2. Le deuxième regroupe les paramètres en lien à la question des savoirs. Ce deuxième ensemble de paramètres s’avère imparfait et problématique, étant donné qu’il arrive que des savoirs nécessitent l’apport du milieu de la pratique pour trouver tout leur sens.

Or les travaux qui analysent ces ensembles de paramètres et leurs interactions partent de postulats théorico-méthodologiques divers, ce qui rend ardue la délimitation de regroupements homogènes des recherches sur la formation enseignante.
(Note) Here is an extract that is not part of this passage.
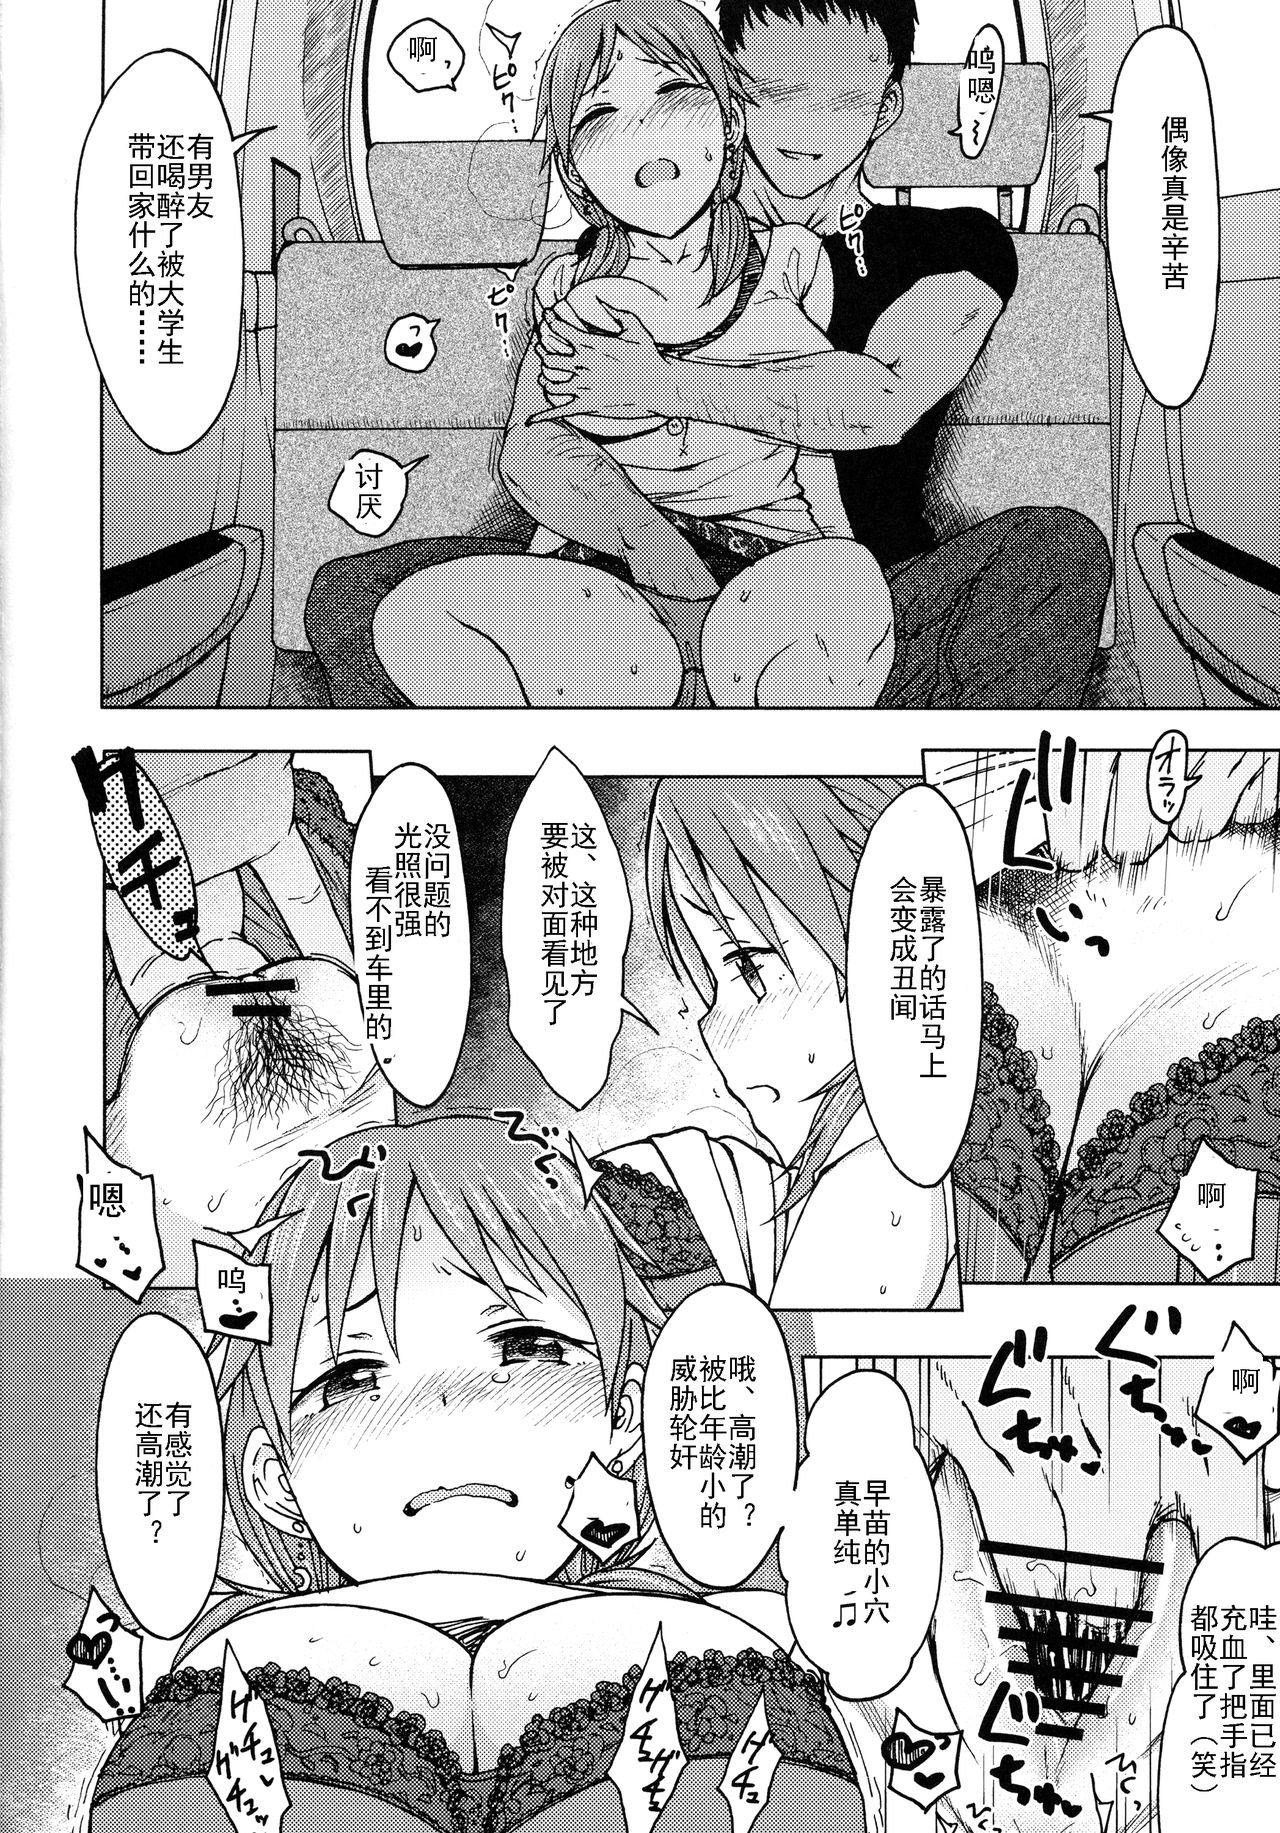 Pawg Paranoid Parade - The idolmaster Striptease - Page 4

Pour ne donner qu’un exemple, voici ce que disent Vanhulle, Merhan et Ronveaux (2007) à propos des présupposés épistémologiques et théoriques des travaux sur le thème de l’alternance formation/pratique :

Ainsi l’on navigue entre, d’une part, des références au learning by doing de Dewey, au praticien réflexif d’Argyris et Schön, ou à l’apprentissage expérientiel de Kolb et, d’autre part, l’épistémologie de la connaissance de Piaget *que l’on oppose à+ la dialectique du rapport entre pensée et action de Vygotski. Les courants de l’Éducation nouvelle (Claparède, Dewey, Freinet, Wallon, Chateau) sont volontiers convoqués. Il en va de même pour le paradigme de la complexité (Morin) et les sciences des systèmes et de la cognition (les modèles de l’autoformation selon Le Moigne, l’autopoïèse de l’autonomie5 se développant dans l’action selon Varela) (p.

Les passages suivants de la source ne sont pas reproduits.